Transcribe the full listing without changing a word, and omit its pictures.

■ Stored data:
________________

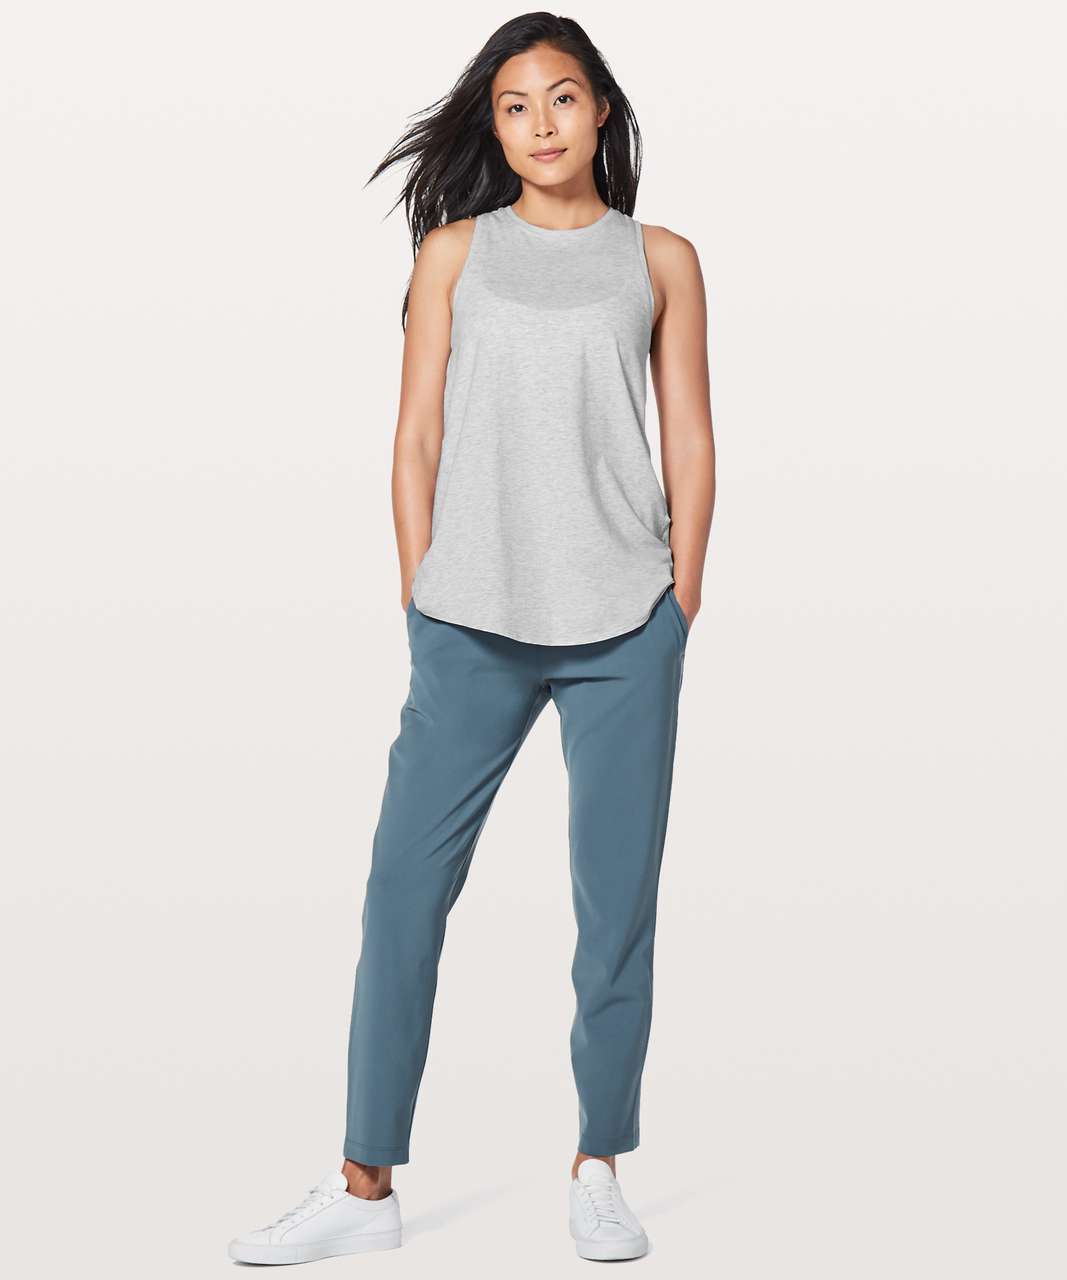 Lululemon All Tied Up Tank - Heathered Core Ultra Light Grey (First Release)
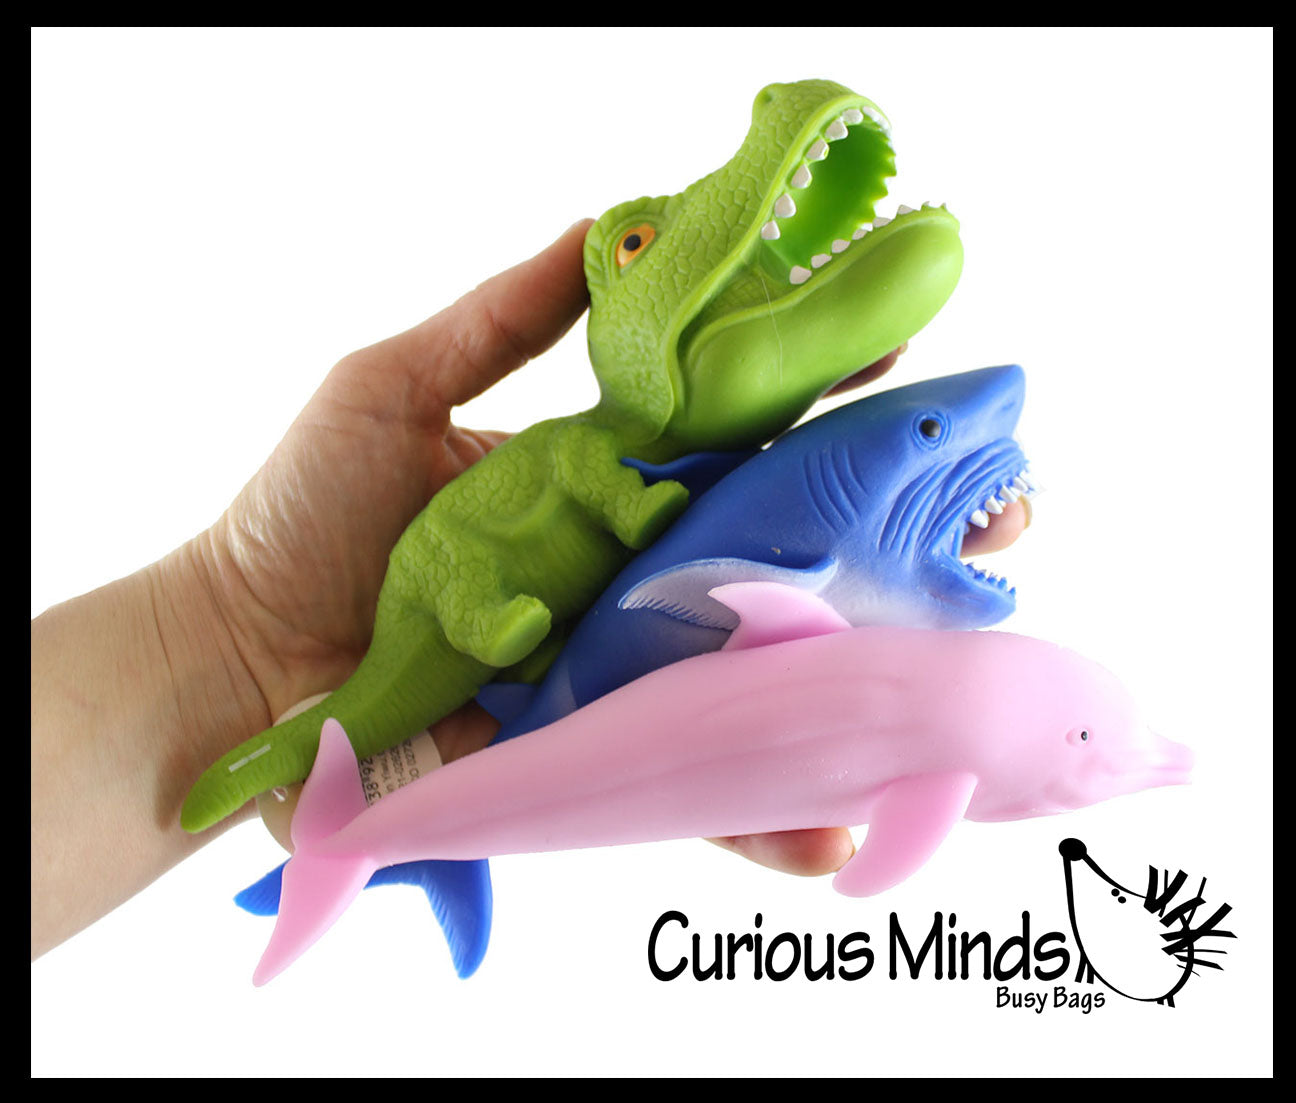 Set of 3 Sand Filled Squishy Animals - Dinosaur, Dolphin, and Shark - Moldable Sensory, Stress, Squeeze Fidget Toy ADHD Special Needs Soothing Ocean Animal Dino
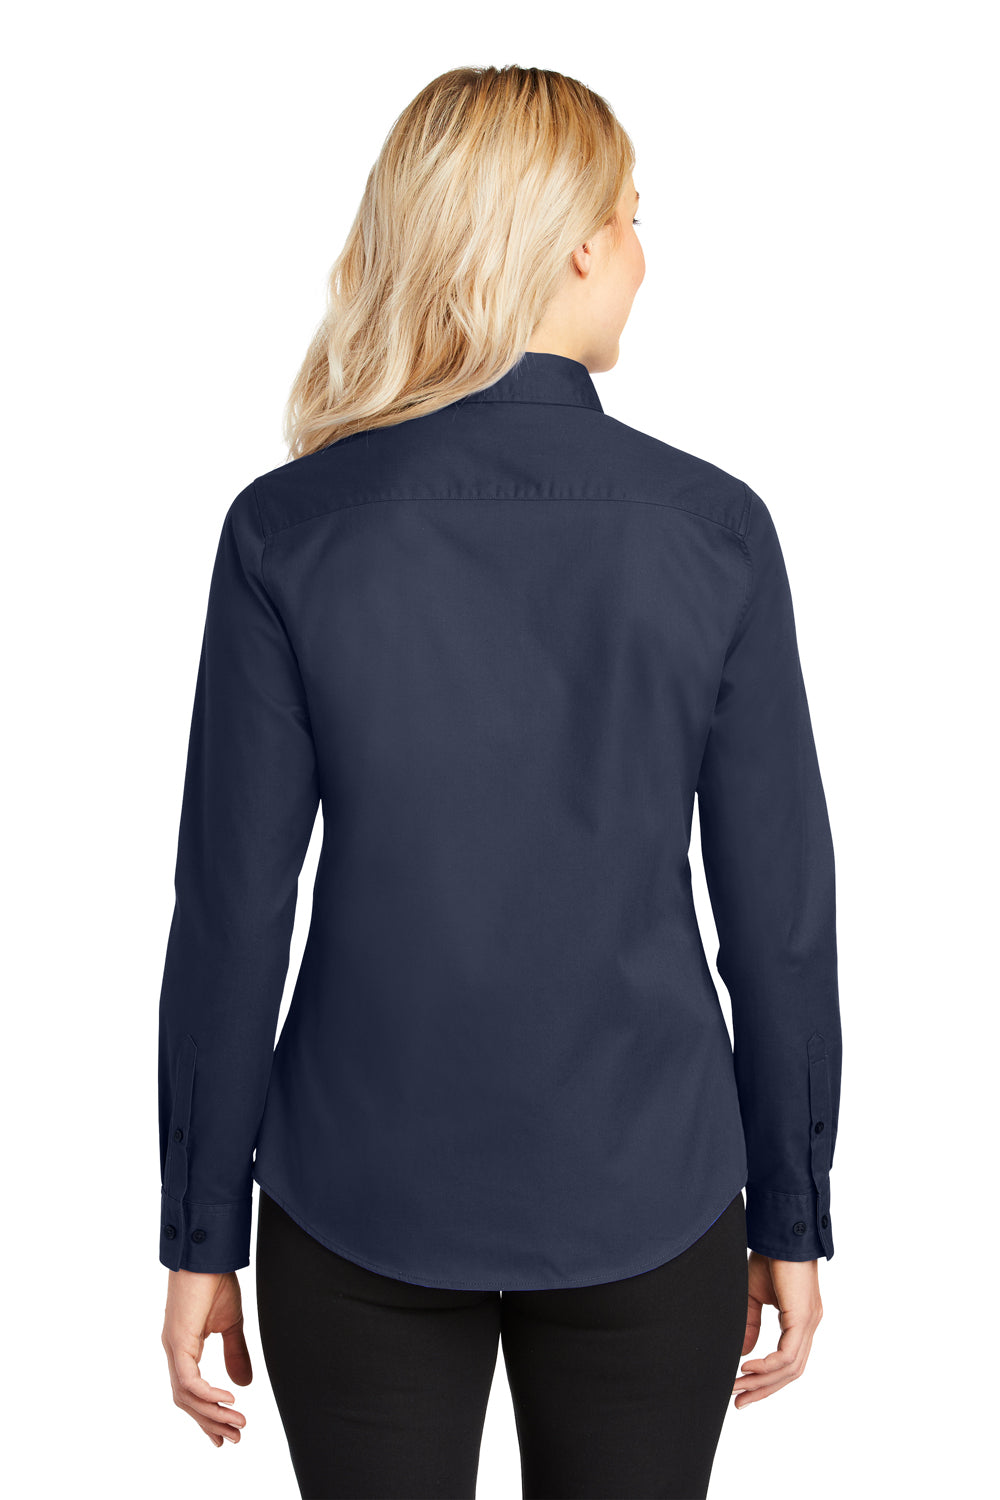 Port Authority L608 Womens Easy Care Wrinkle Resistant Long Sleeve Button Down Shirt Navy Blue Back
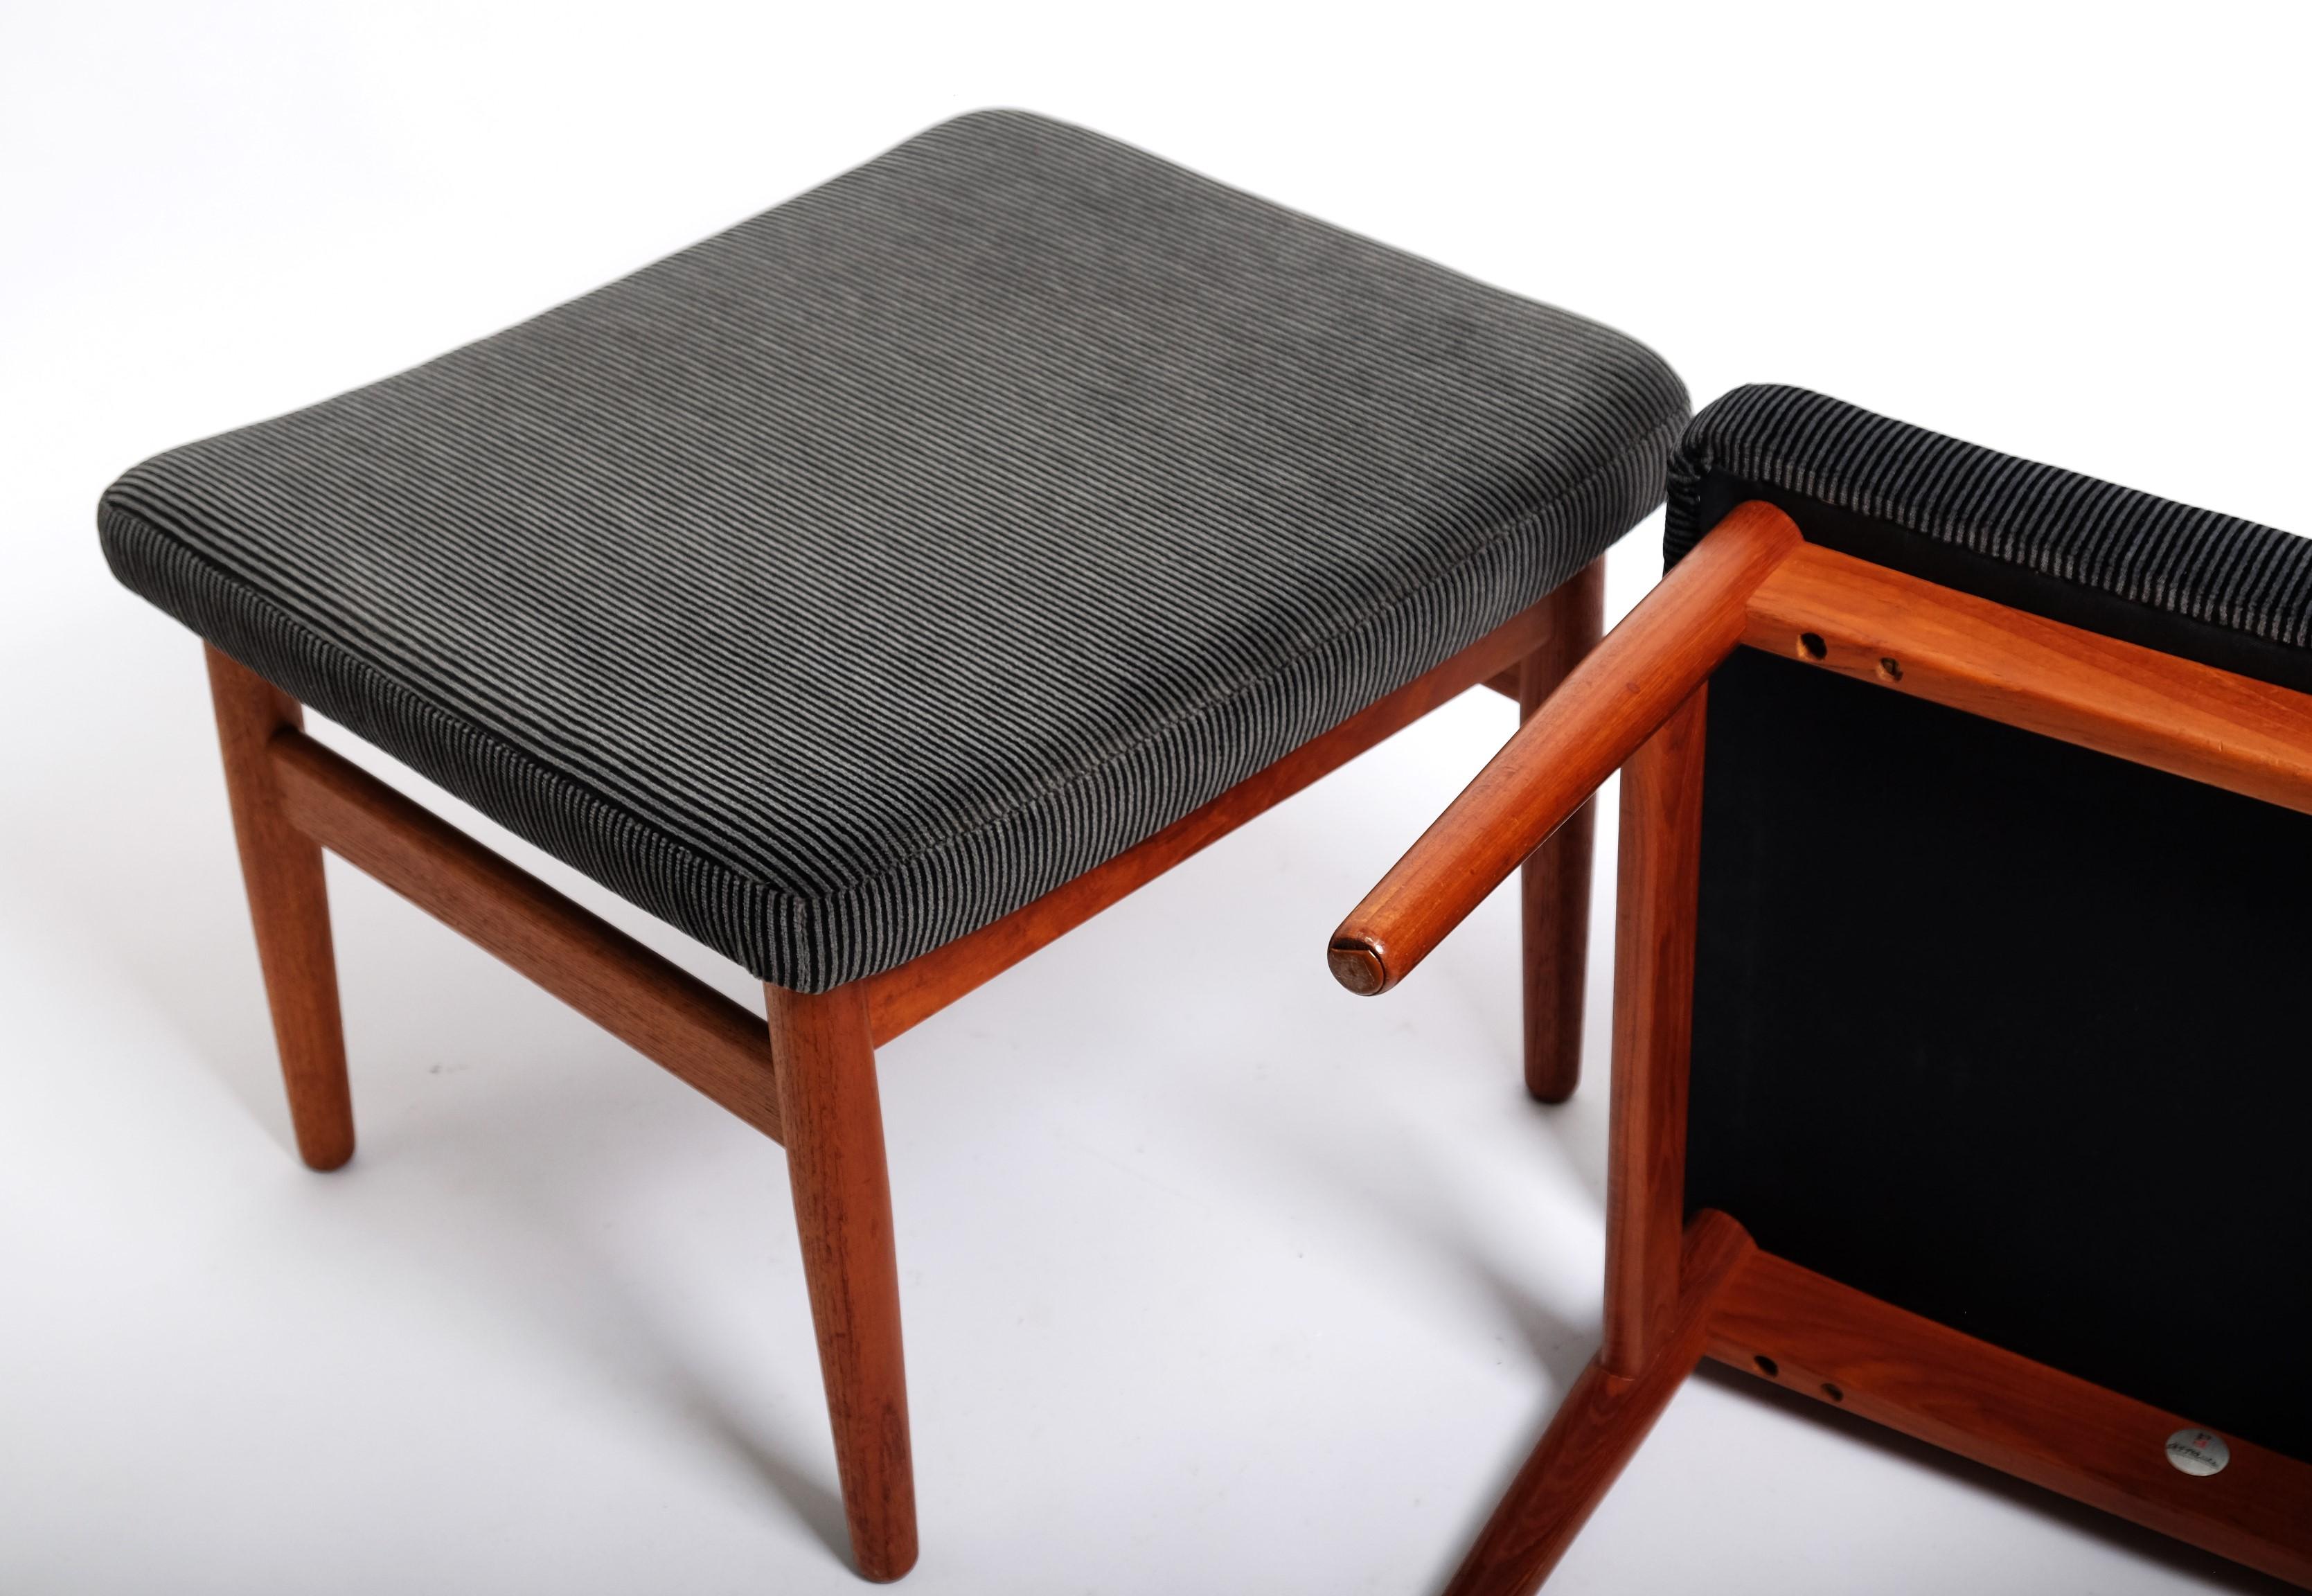 Two Mid-Century Stools by Arne Vodder FD164 Ottomans France & Son, Denmark 1960s For Sale 9

________________

■ Answer section:
 Lululemon All Tied Up Tank - Heathered Core Ultra Light Grey (First Release)
 Set of 3 Sand Filled Squishy Animals - Dinosaur, Dolphin, and Shark - Moldable Sensory, Stress, Squeeze Fidget Toy ADHD Special Needs Soothing Ocean Animal Dino
 Port Authority L608 Womens Easy Care Wrinkle Resistant Long Sleeve Button Down Shirt Navy Blue Back
 Two Mid-Century Stools by Arne Vodder FD164 Ottomans France & Son, Denmark 1960s For Sale 9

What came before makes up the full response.